Truth commissions even encourage apology and forgiveness. Following the publication of the final report of Chile’s truth commission, President Patricio Aylwin called for nationwide repentance for injustices committed during the dictatorship of Augusto Pinochet. Enjoined by the Koran, apology and forgiveness might also be realized in Iraq.

For entire societies, truth commissions create a public historical record. The report of Argentina’s truth commission, Nunca Mas (“Never Again”), became a bestseller on the streets. Perpetrators are thereby denied the lies through which they vindicate and re-empower themselves, and new regimes are founded on truth and accountability.

To realist ears, reconciliation sounds remote from the necessities of sandbags, M-16s, and barbed wire. But to sound the principle is not to expect a utopian reconciliation of all with all. It is rather to urge a set of practices that can begin to heal the social divisions that now endanger a new regime. On this logic, many Iraqis have called for a truth commission, including a broad consensus of Iraqi citizens interviewed for a report by the International Center for Transitional Justice. As history’s schisms roil on, the Iraqis’ plea emerges not merely as an alternative concept of justice, but also as sound foreign policy.

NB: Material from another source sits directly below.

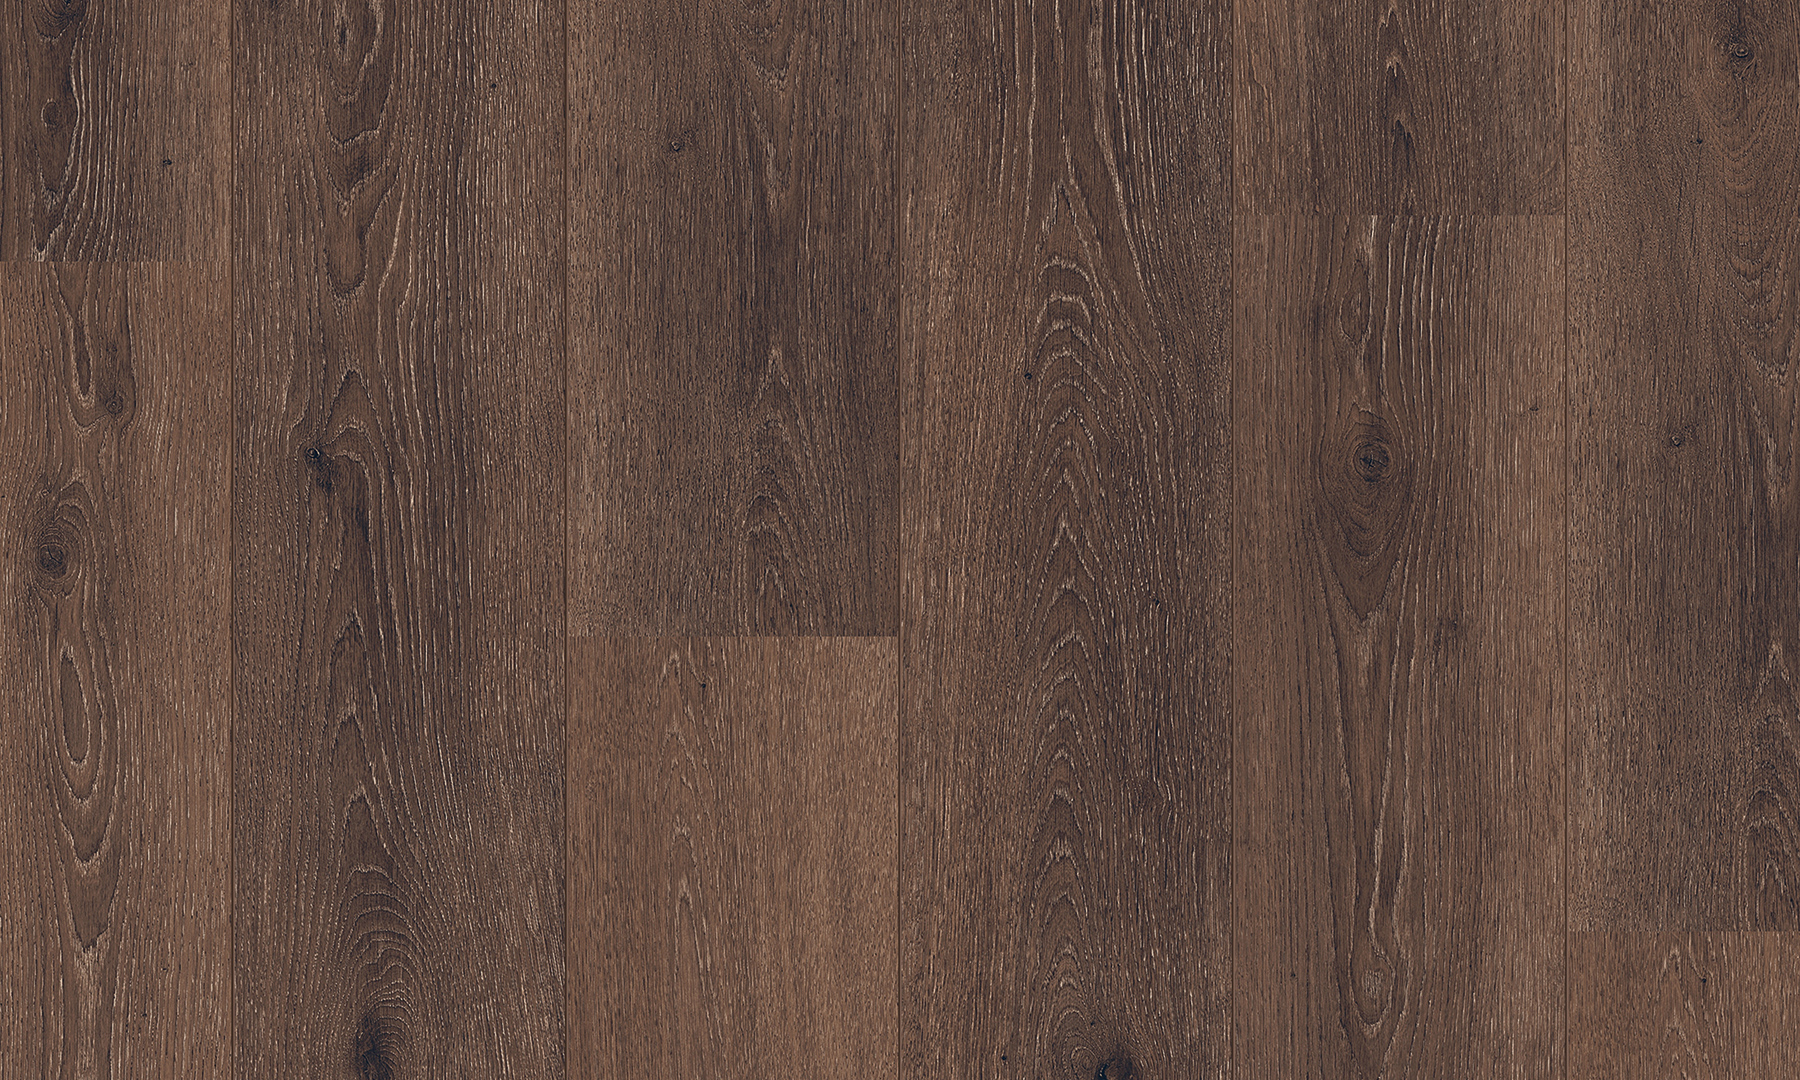 Pergo Commercial Laminate Flooring Thermotreated Oak

Daniel Philpott, a Kroc Institute faculty member and associate professor of political science, is spending the 2005-06 academic year as a faculty fellow at the Edmond J. Safra Foundation Center for Ethics at Harvard University.  In 2006-07, he will be an Alexander von Humboldt Foundation fellow, in residence at the Hertie School of Governance and the Wissenschaftszentrum Berlin, both in Berlin.

During his sabbatical, Philpott is writing a book tentatively titled Just and Unjust Peace: A Political Ethic of Reconciliation. Drawing upon Christian theology and political philosophy, it will develop a theory of reconciliation as a conception of justice for political orders that are facing past evils.